Many Czechs associate the Auxiliary Technical Battalions of the Czechoslovak People’s Army with the popular 1992 movie Černí Baroni, or Black Barons, which is based on a novel of the same name by Miloslav Švandrlík. Both film and book put a humorous spin on the experiences of those forced to join.
Milan Bárta is an historian at the Institute for the Study of Totalitarian Regimes and is currently preparing an exhibition about the battalions. He says in reality life in the units was often harsh to say the least.
“They were set up exclusively to carry out work, and what they called ‘correctional work’. So conditions were dreadful, particularly for those battalions involved in underground mining. The accommodation and food were bad, while quotas were very high. Desertion was frequent. There were suicide attempts, actual suicides, and such like.”
The Communists sent men they deemed politically unreliable to the Auxiliary Technical Battalions, where they were not allowed to carry weapons. The members came from a real variety of backgrounds, says Bárta.
“There were former mine owners, former private farmers, priests. But it turned out that to fulfil the ambitious plans set for the battalions, they needed more people. So as well as the so-called politicals, others were also sent. Those included the physically unsound, Romanies, the illiterate, and inadaptable and problematic people. The mix of soldiers who served there was very strange.”
Conscripts in the Auxiliary Technical Battalions had 30 percent of their incomes automatically docked for being politically unreliable. Of the remaining 70 percent, almost all was deducted for necessities like clothing and accommodation.
In another Kafkaesque twist, the little that was left was further divided, with part going into a government “book” that the soldiers could not touch.

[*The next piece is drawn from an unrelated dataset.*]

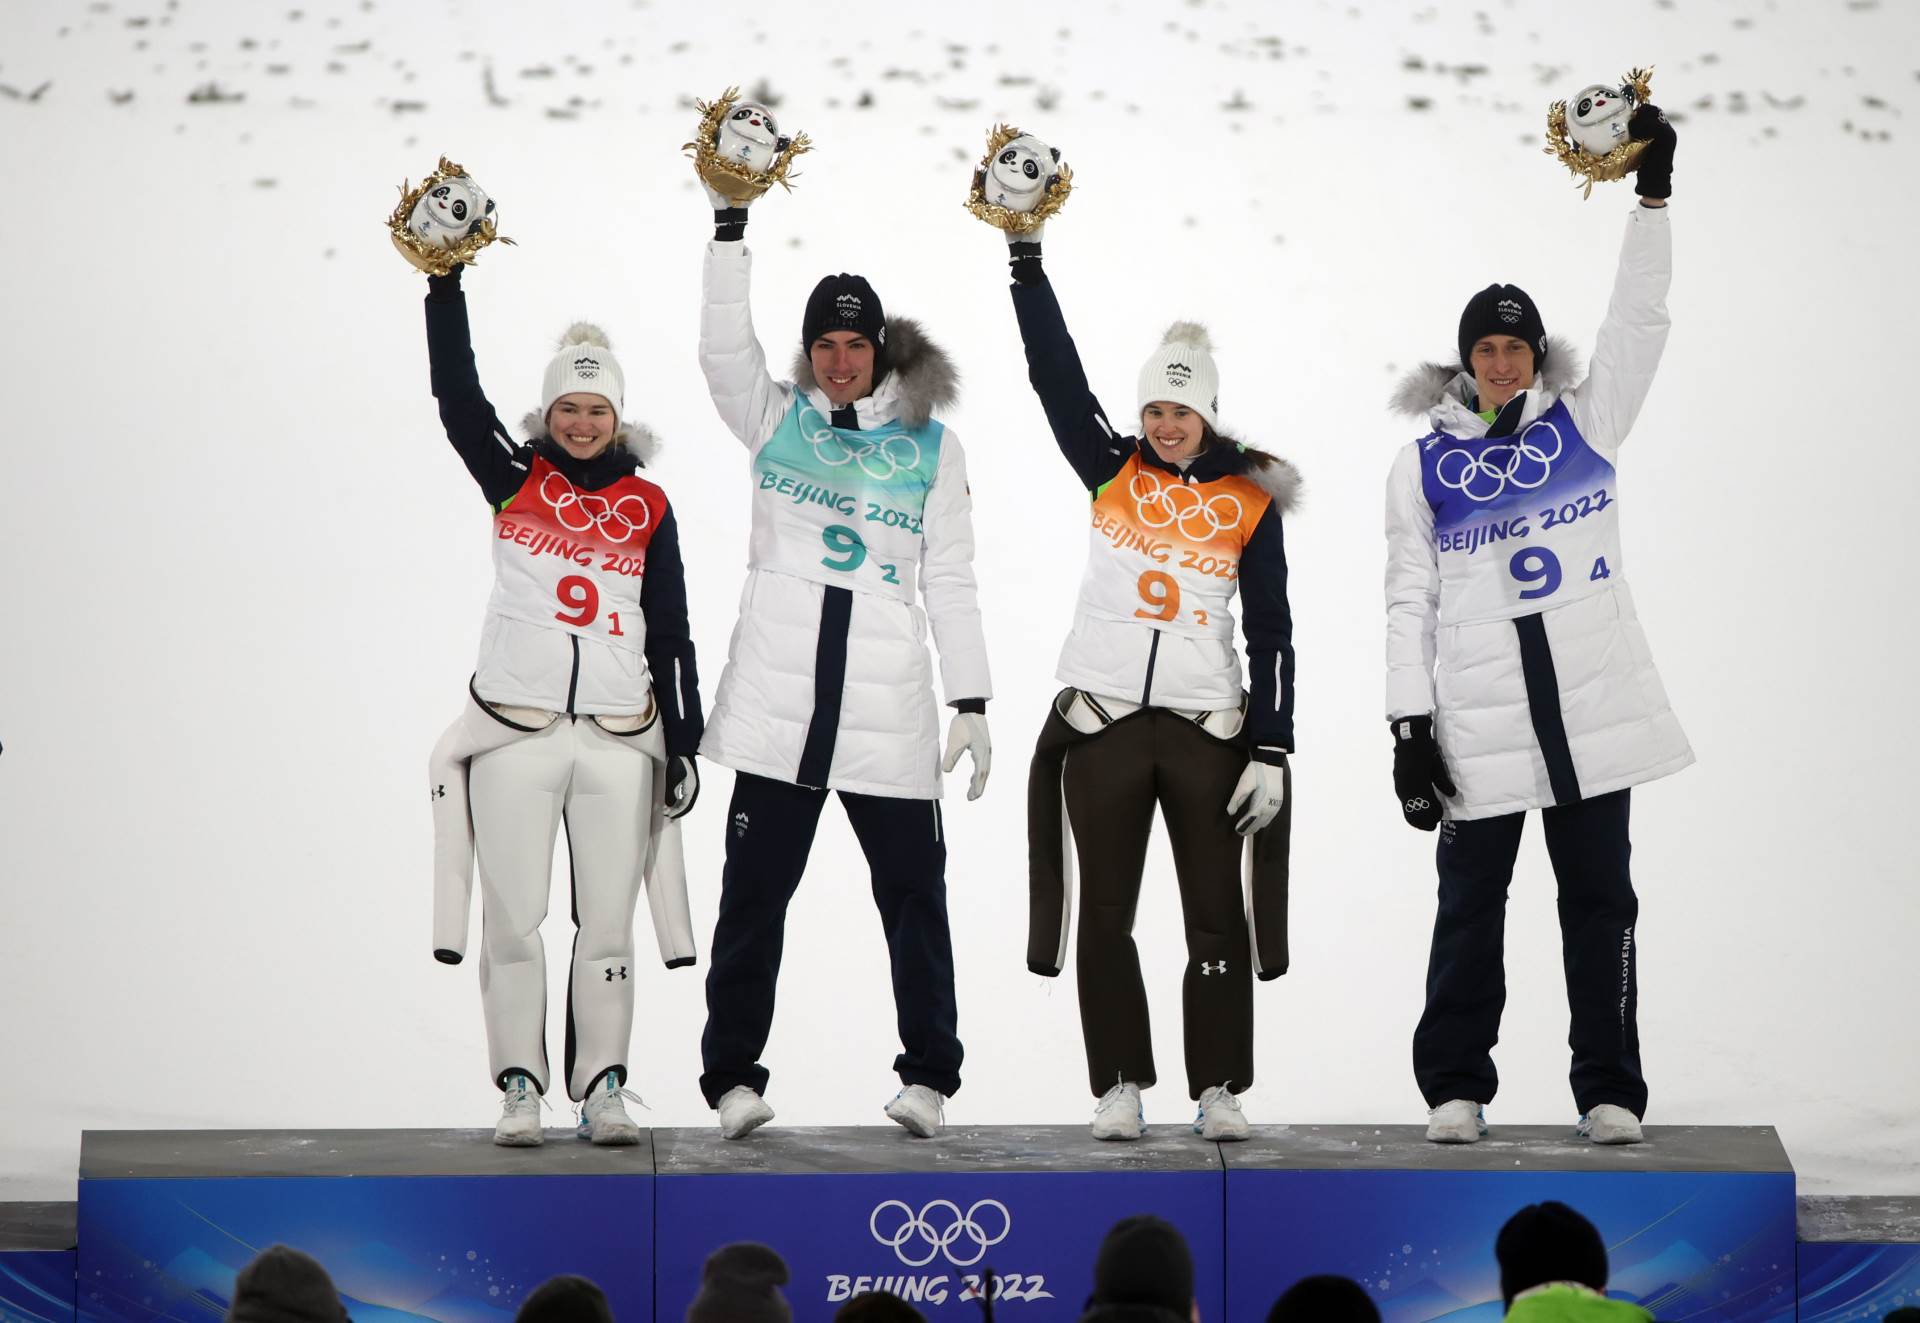  zoi 2022 slovenija medalje u ski skokovima

Between 40,000 and 60,000 men passed through the battalions’ between 1950 and 1954, when they ceased to exist.
A decade ago, surviving members received a tiny one-off compensation payment from the state, before a law in 2005 went some way further toward recompense by adding CZK 2,500 to their monthly pensions.
Now, the victims look set to receive a little more, after a court ruled in September that membership of the battalions was equivalent to being imprisoned.
Former political prisoners are entitled to CZK 1,800 for every month they spent behind bars, and in reaction to the court verdict the Ministry of the Interior will put a proposal to the cabinet that ex-battalion members get the same compensation.
“Today we mainly identify them in our minds with Švandrlík’s Black Barons, but he didn’t capture the reality in those camps. He made them seem humorous, when that wasn’t the case at all. They were actually one of the crimes of communism. I think today’s system, today’s era, has a responsibility not to forget the victims. I think it’s necessary to appreciate and remember the reality of the Auxiliary Technical Battalions.”
Between 4,000 and 5,000 survivors of the forced labour units are believed to be still alive today, though naturally their numbers are dwindling all the time.